Restate exactly, and only, the lines from the one with "Файл сервер Samba в домене Win2k" through the end of the data, with both of those end lines kept. Drop any pictures.

▸ **Material provided**
- Opening Delimiter -
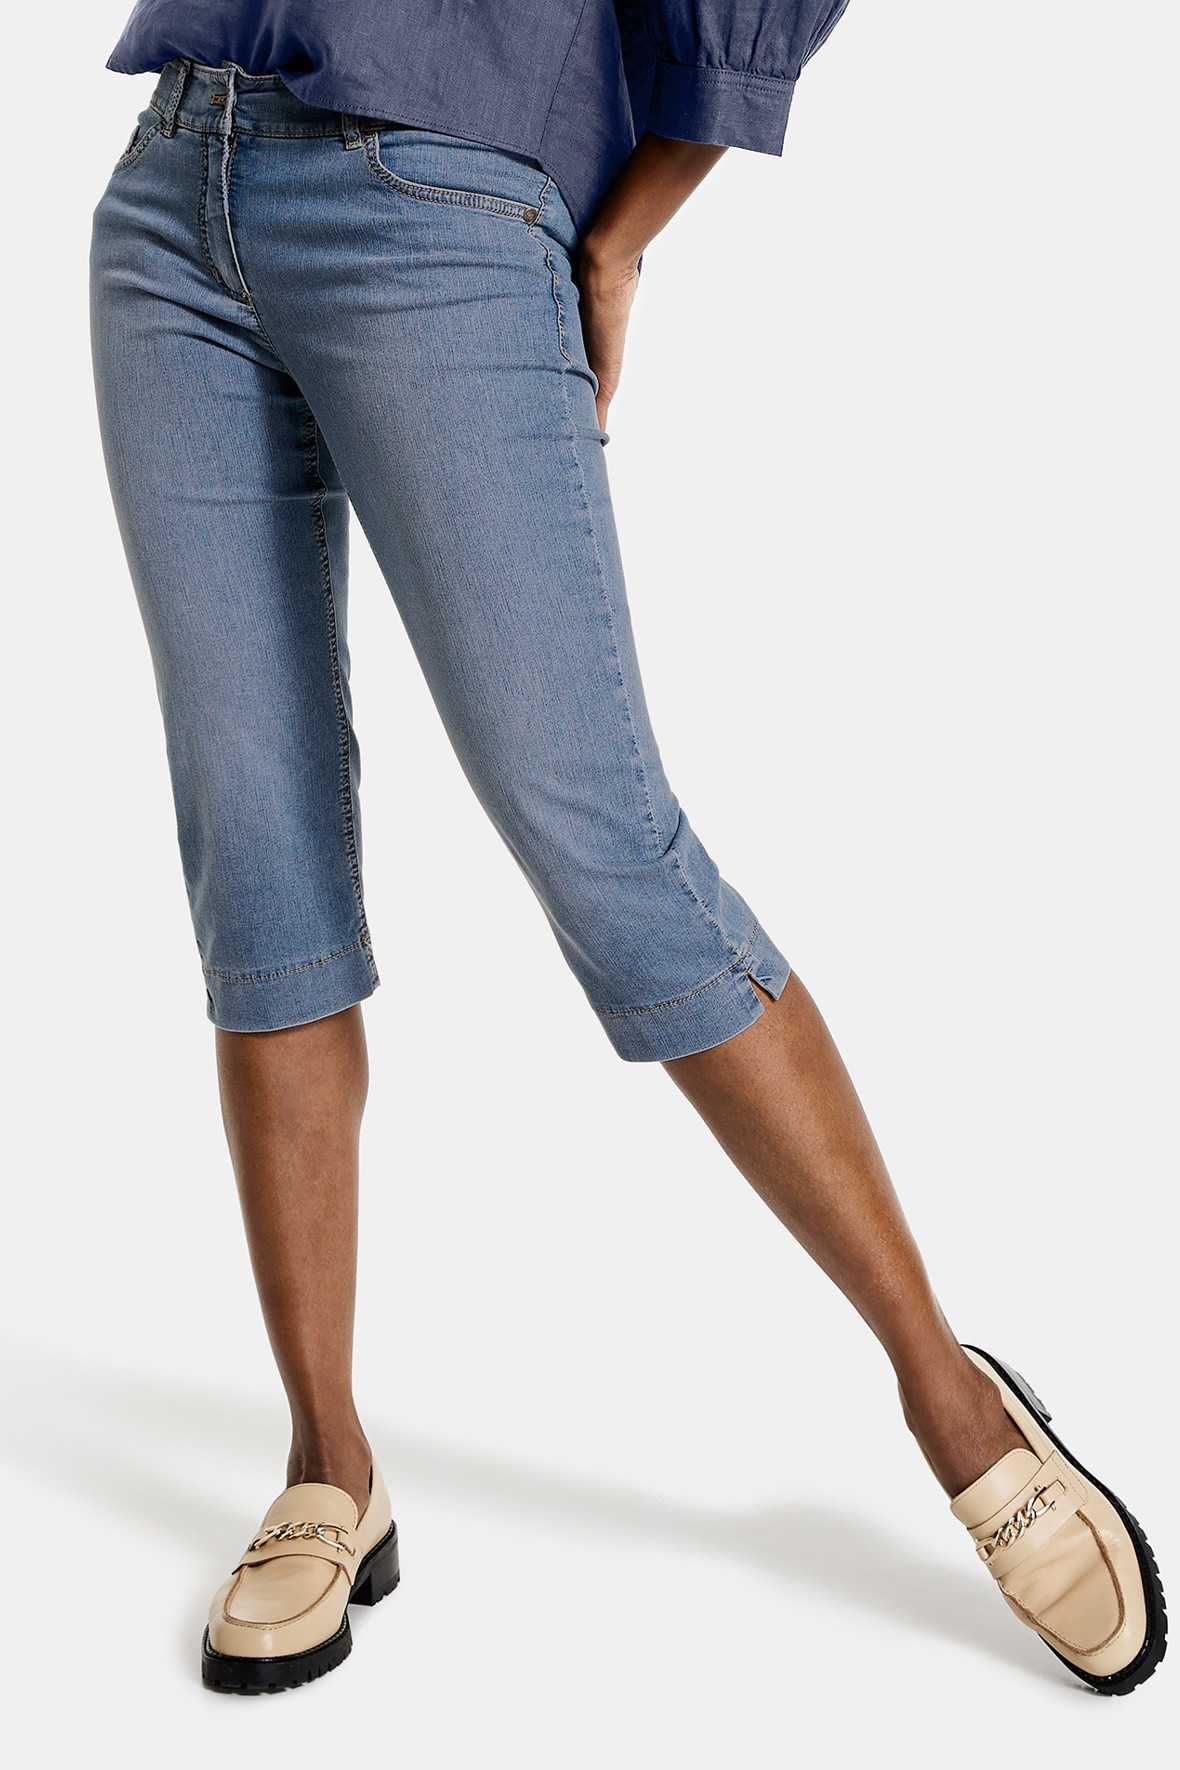 appetit Skabelse Sidst Gerry Weber capri bukser jeans . skinny fit - denim til kvinder - Hos Lohse
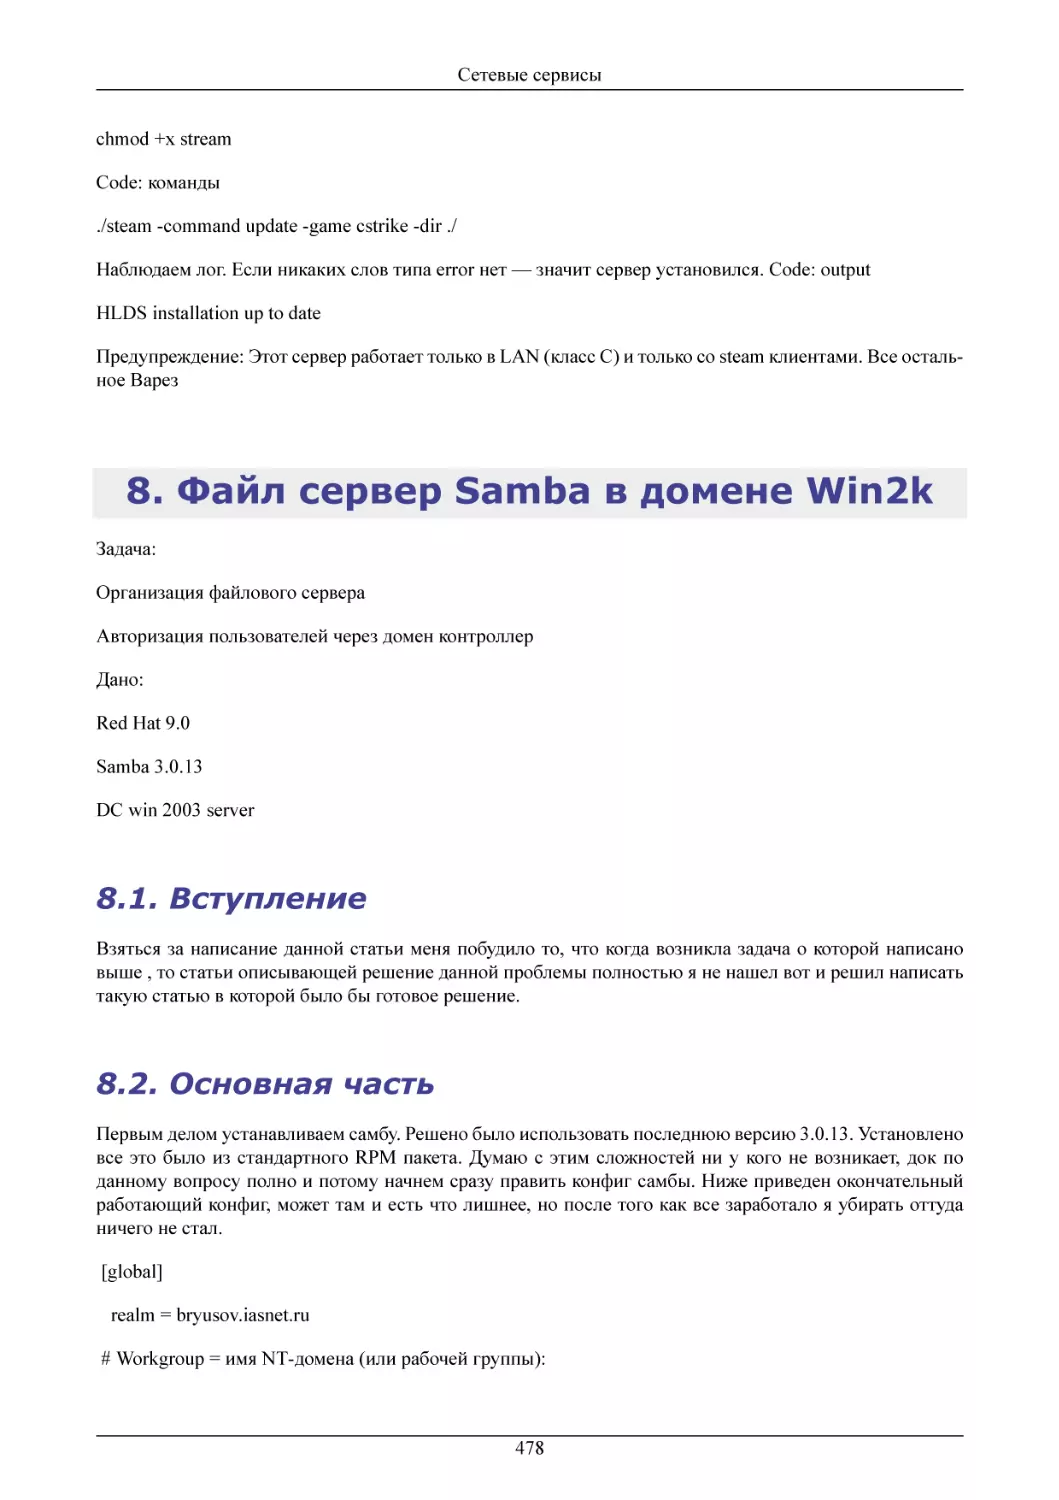 Файл сервер Samba в домене Win2k
Вступление
Основная часть
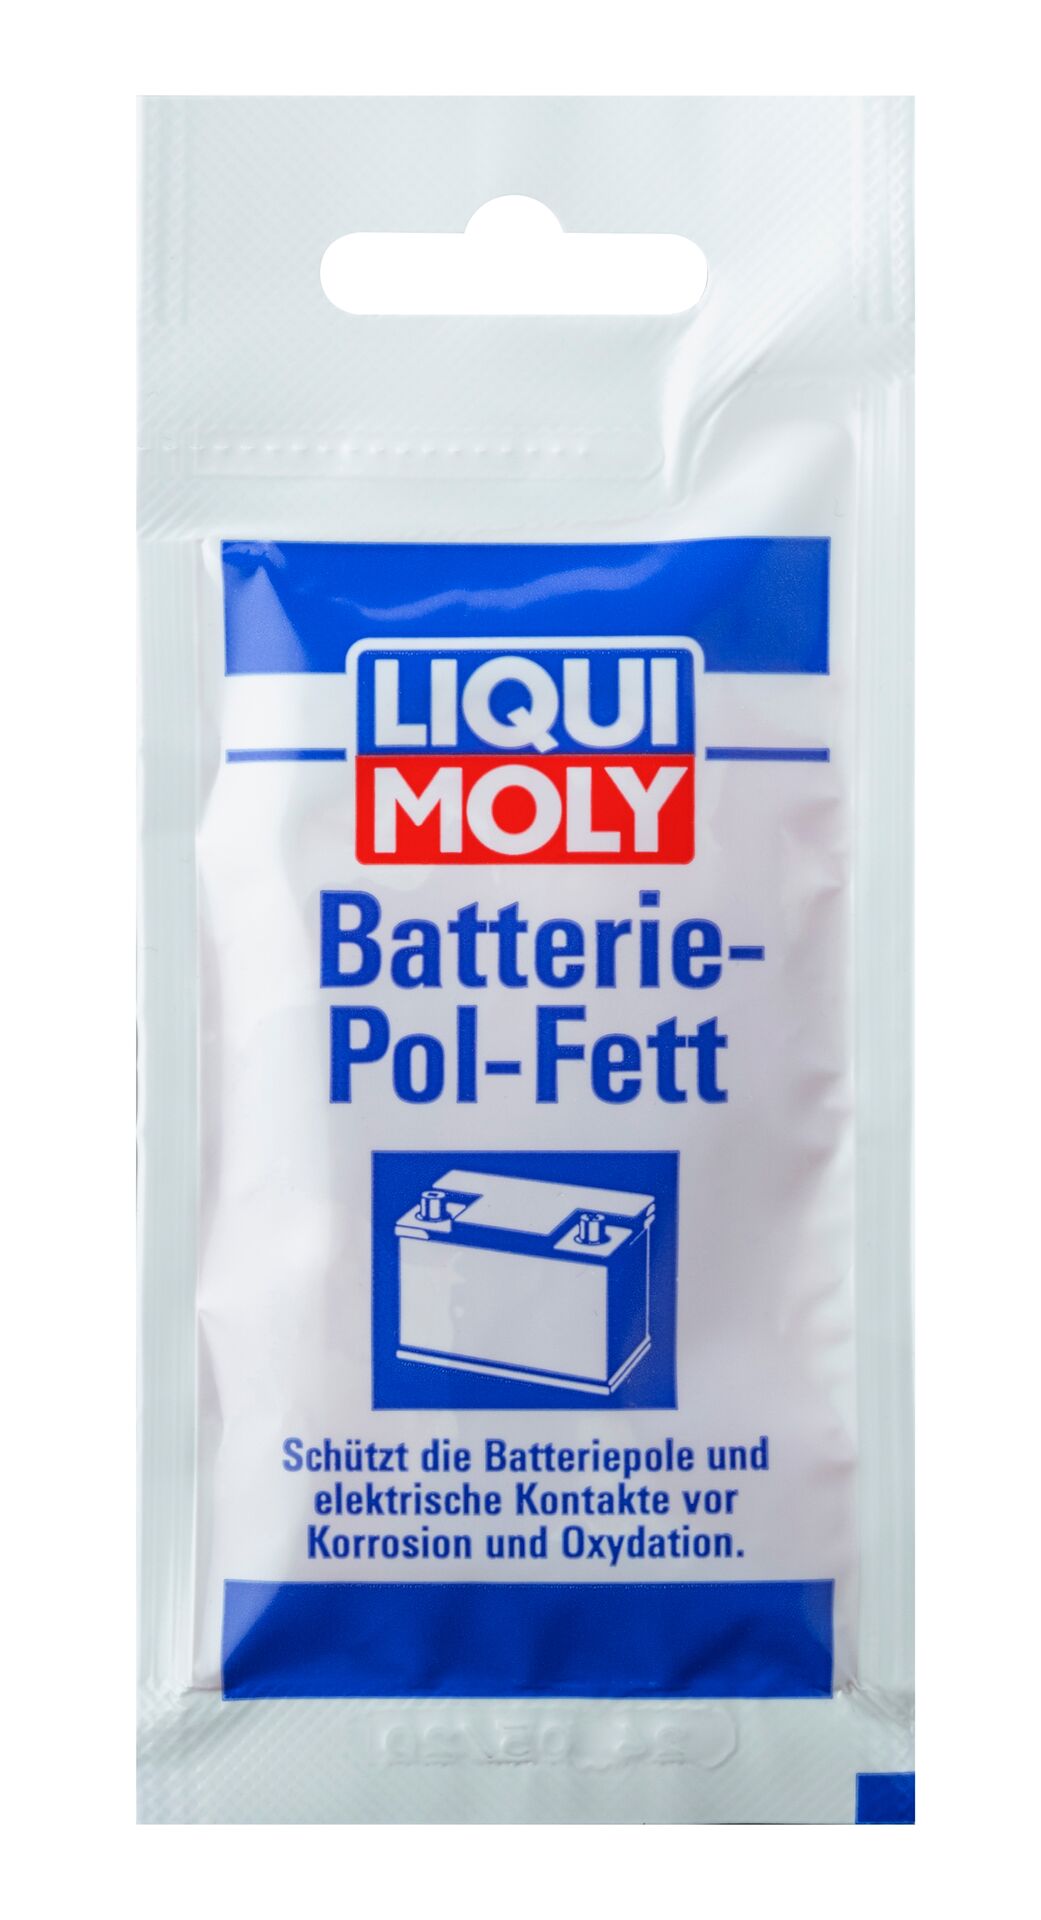 Liqui Moly Batterie Pol Fett Batteriepolfett Spezialfett 10g
- Closing Delimiter -
▸ **Exercise solution**
 Файл сервер Samba в домене Win2k
Вступление
Основная часть
 Liqui Moly Batterie Pol Fett Batteriepolfett Spezialfett 10g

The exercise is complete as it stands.